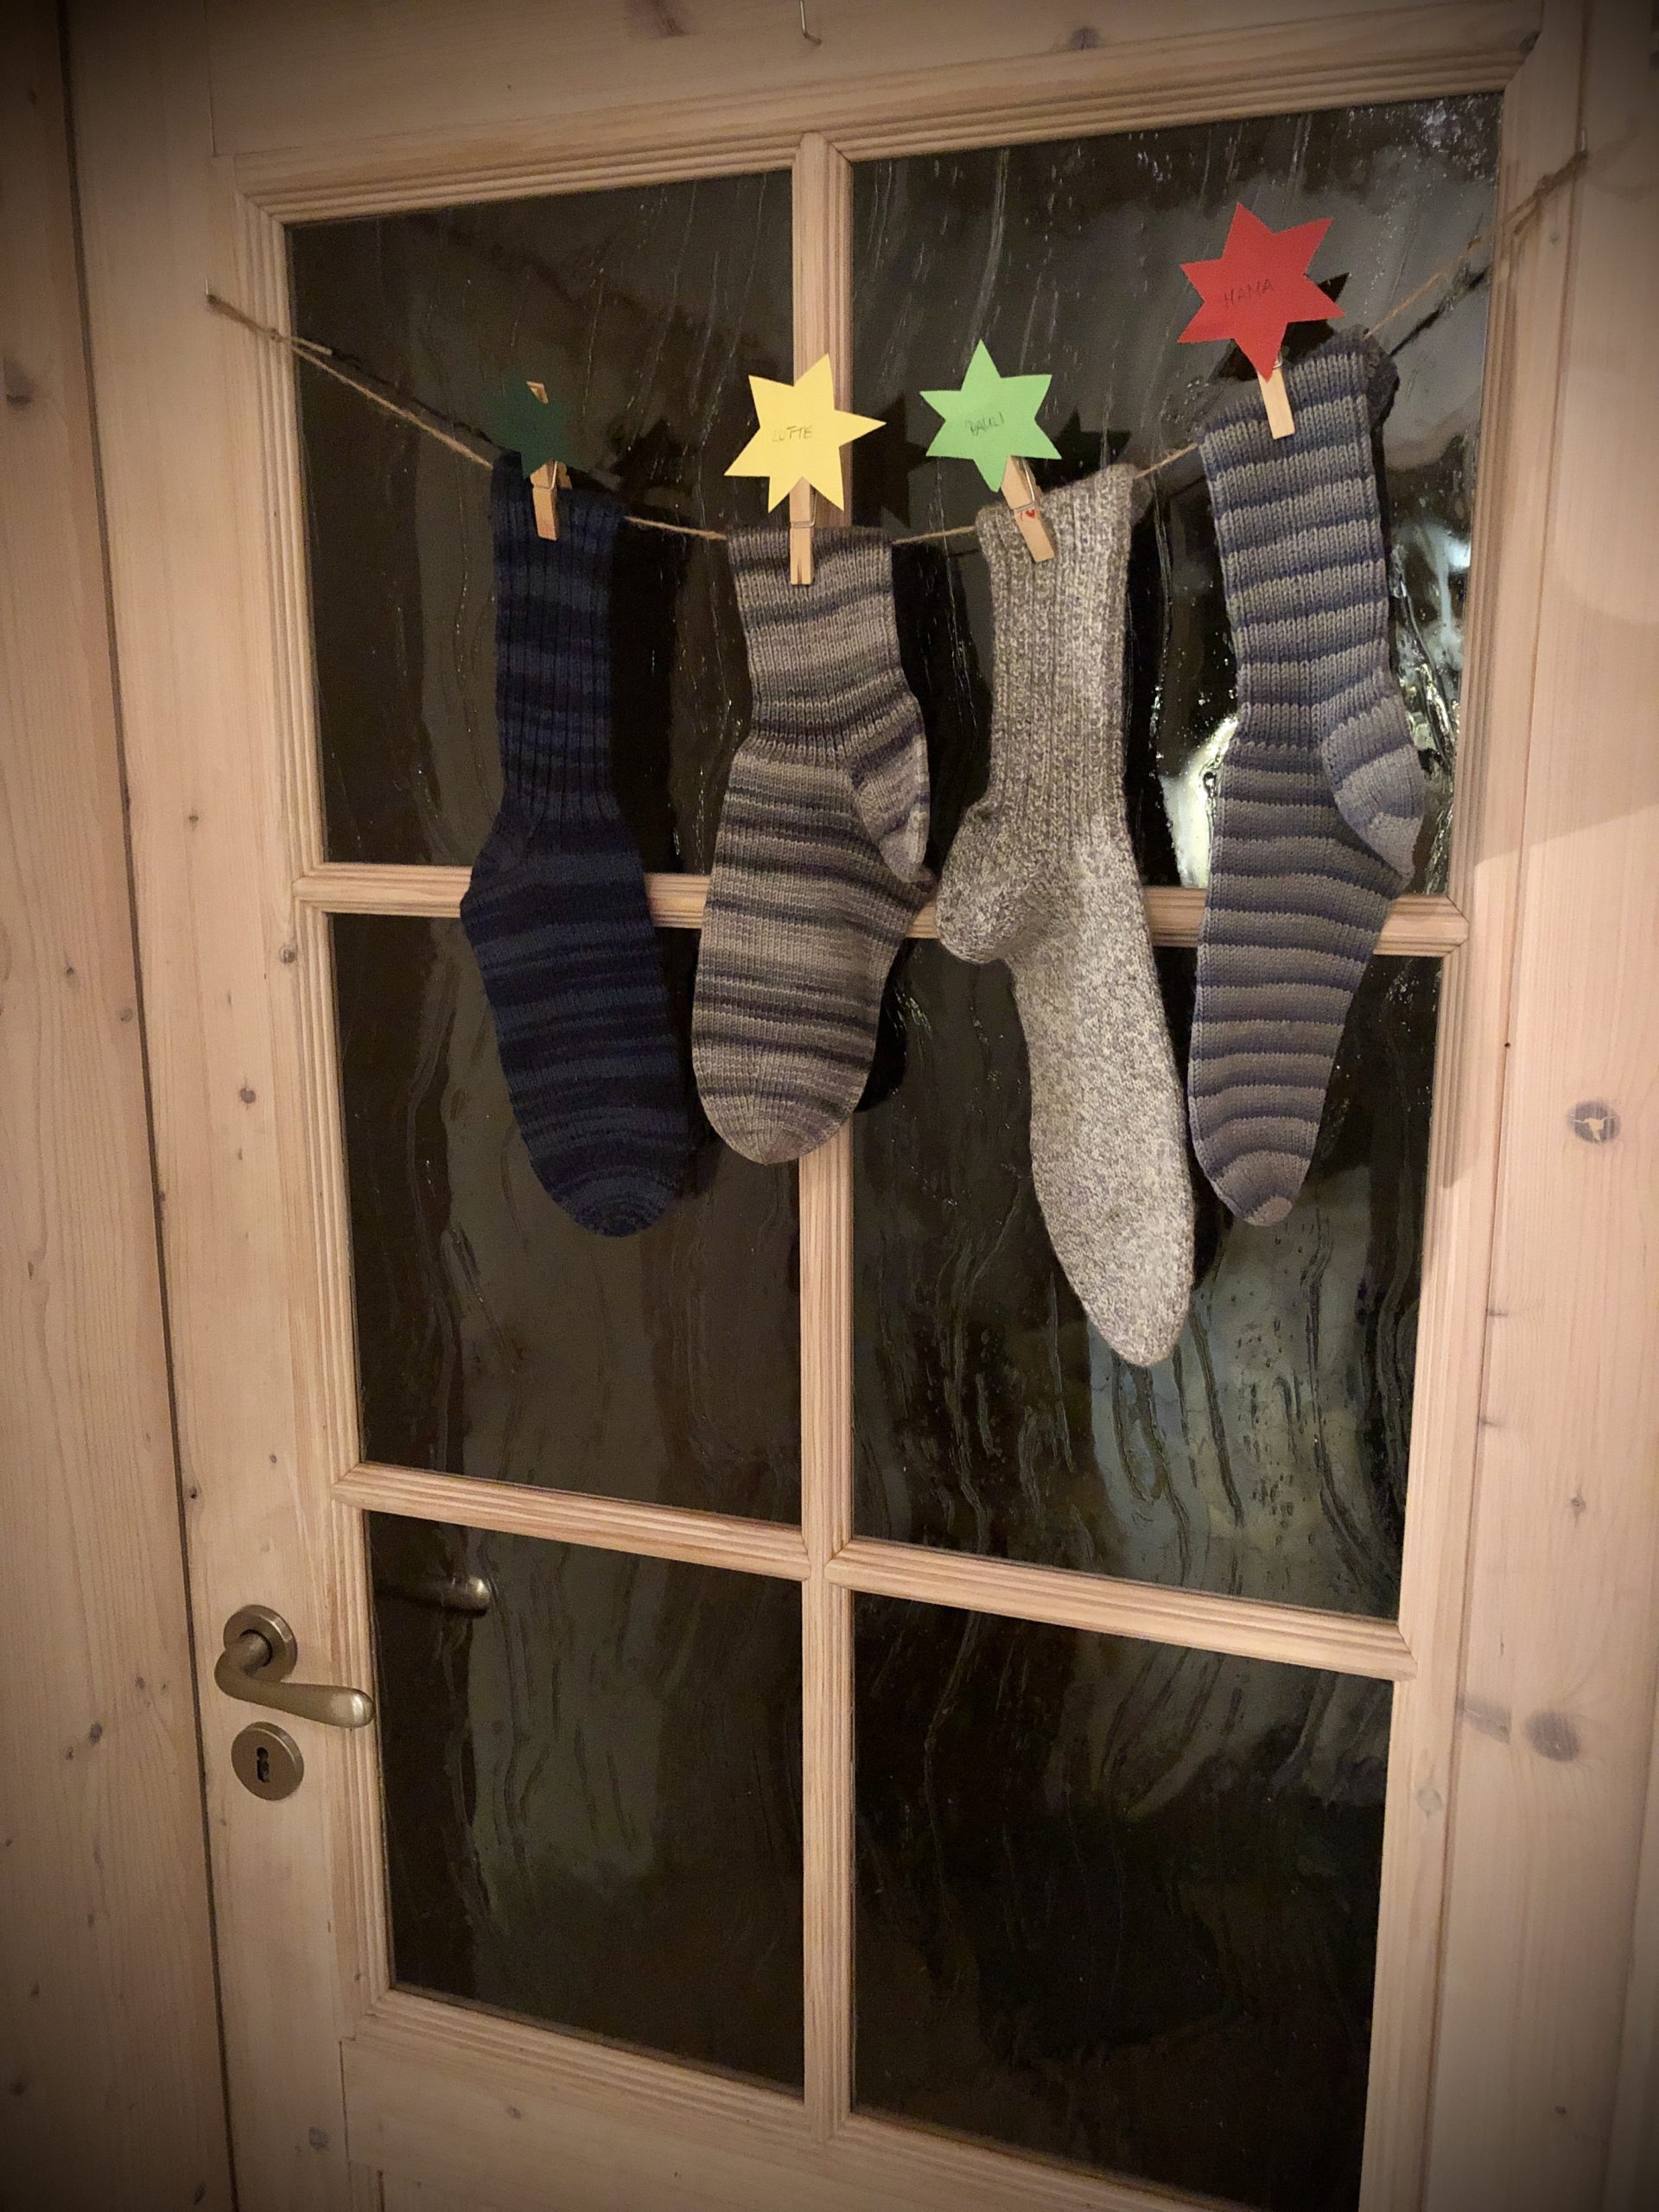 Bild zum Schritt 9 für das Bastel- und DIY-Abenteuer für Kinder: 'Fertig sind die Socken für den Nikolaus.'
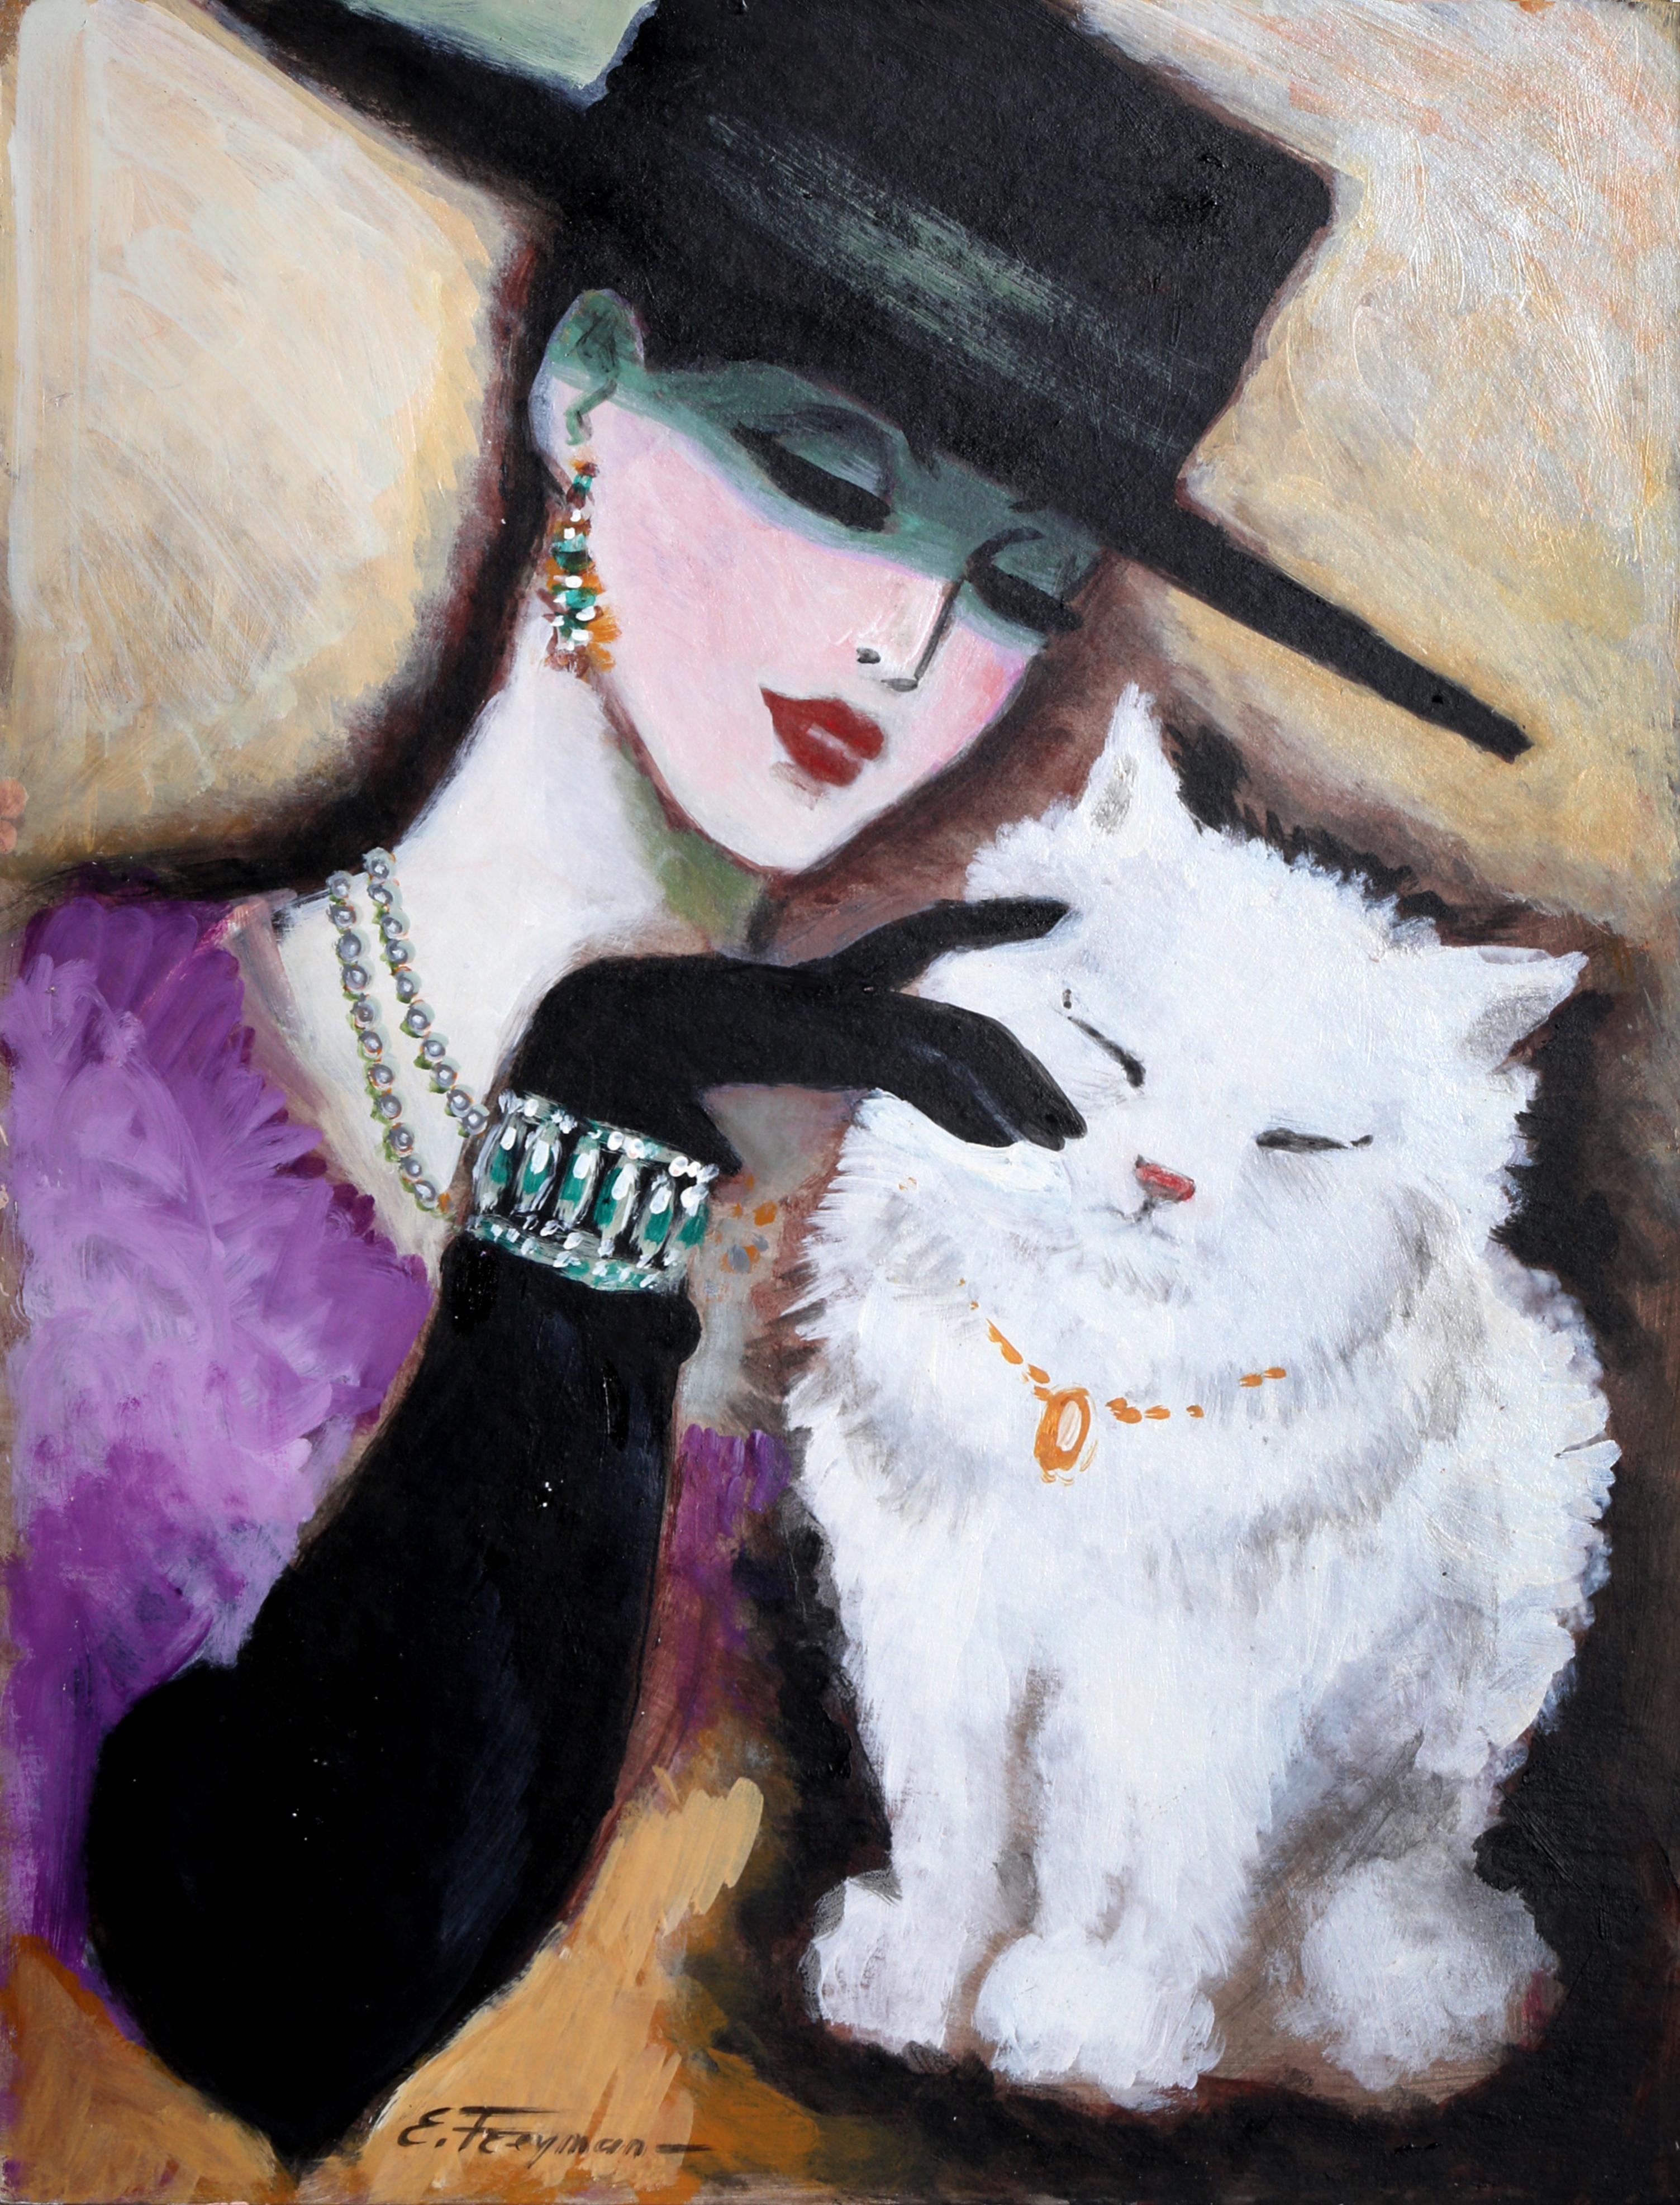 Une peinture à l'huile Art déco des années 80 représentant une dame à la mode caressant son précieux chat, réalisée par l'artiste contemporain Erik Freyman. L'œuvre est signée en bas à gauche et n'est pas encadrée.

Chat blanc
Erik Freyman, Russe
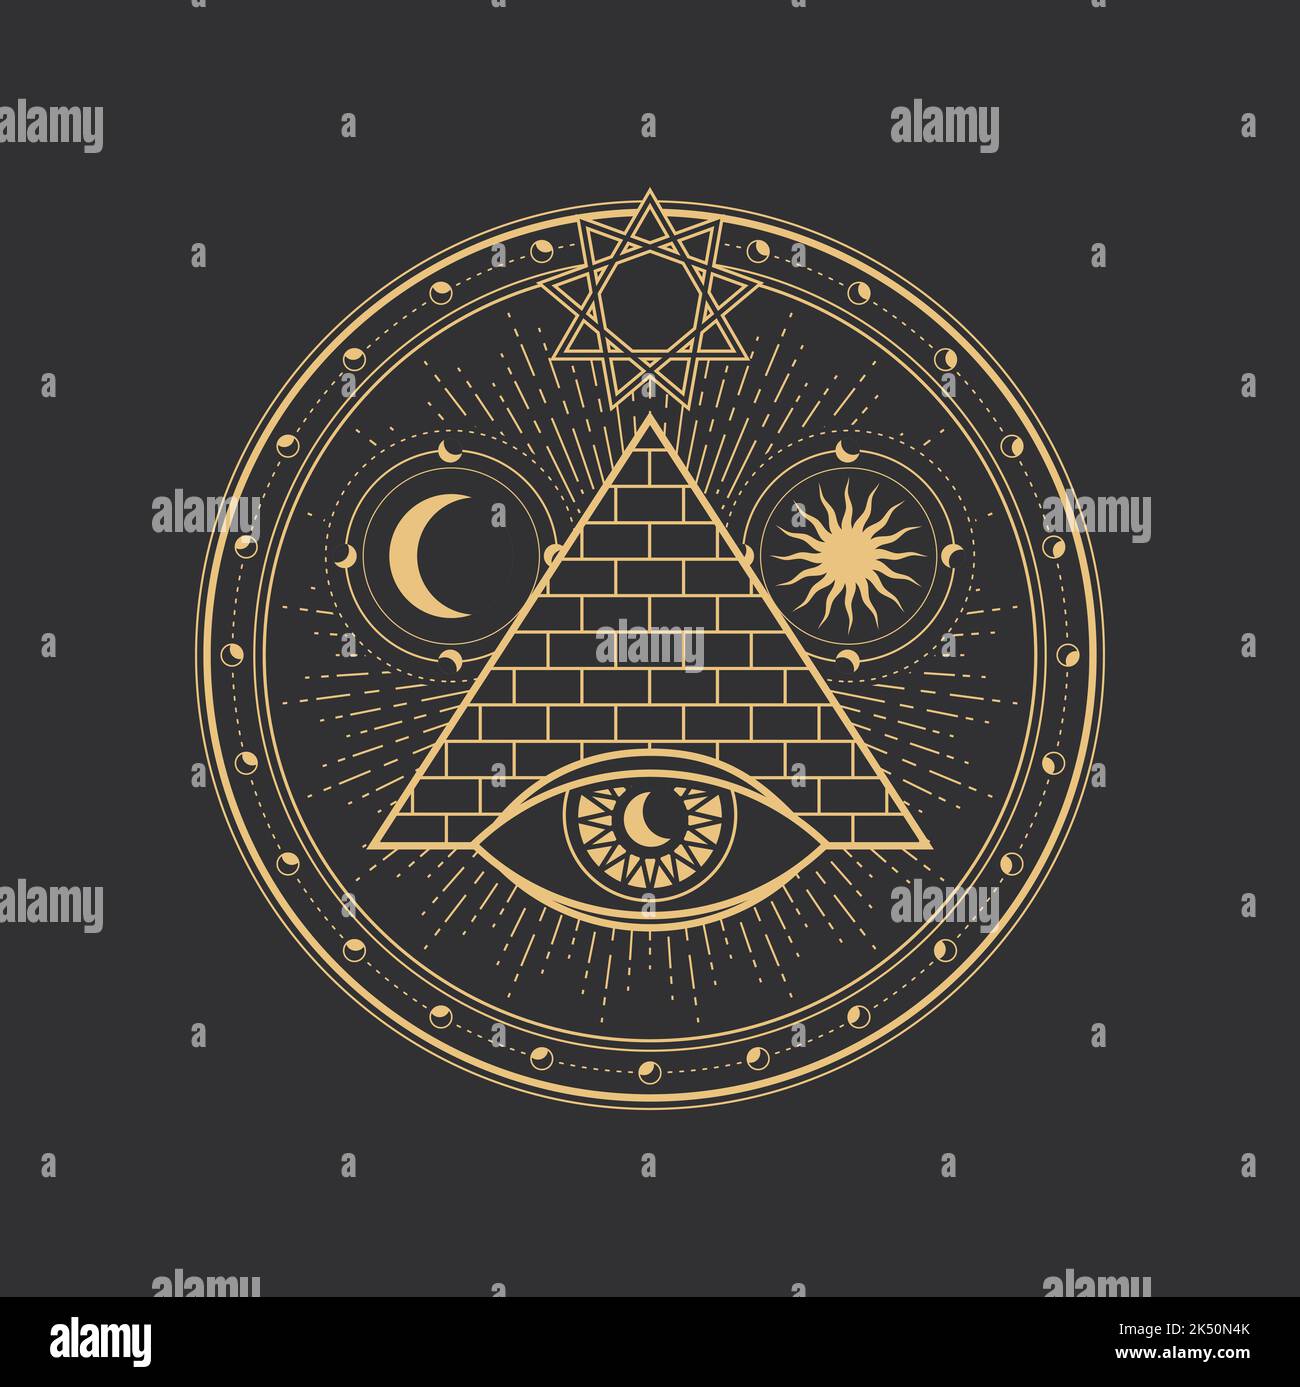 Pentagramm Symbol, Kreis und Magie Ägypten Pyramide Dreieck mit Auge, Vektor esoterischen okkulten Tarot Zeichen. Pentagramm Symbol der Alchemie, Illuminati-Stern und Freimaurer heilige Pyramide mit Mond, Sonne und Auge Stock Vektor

________________

What you are asked to do: Would it be possible to print the records above verbatim, pictures omitted?

Finished exercise:
 Bild zum Schritt 9 für das Bastel- und DIY-Abenteuer für Kinder: 'Fertig sind die Socken für den Nikolaus.'
 Une peinture à l'huile Art déco des années 80 représentant une dame à la mode caressant son précieux chat, réalisée par l'artiste contemporain Erik Freyman. L'œuvre est signée en bas à gauche et n'est pas encadrée.

Chat blanc
Erik Freyman, Russe
 Pentagramm Symbol, Kreis und Magie Ägypten Pyramide Dreieck mit Auge, Vektor esoterischen okkulten Tarot Zeichen. Pentagramm Symbol der Alchemie, Illuminati-Stern und Freimaurer heilige Pyramide mit Mond, Sonne und Auge Stock Vektor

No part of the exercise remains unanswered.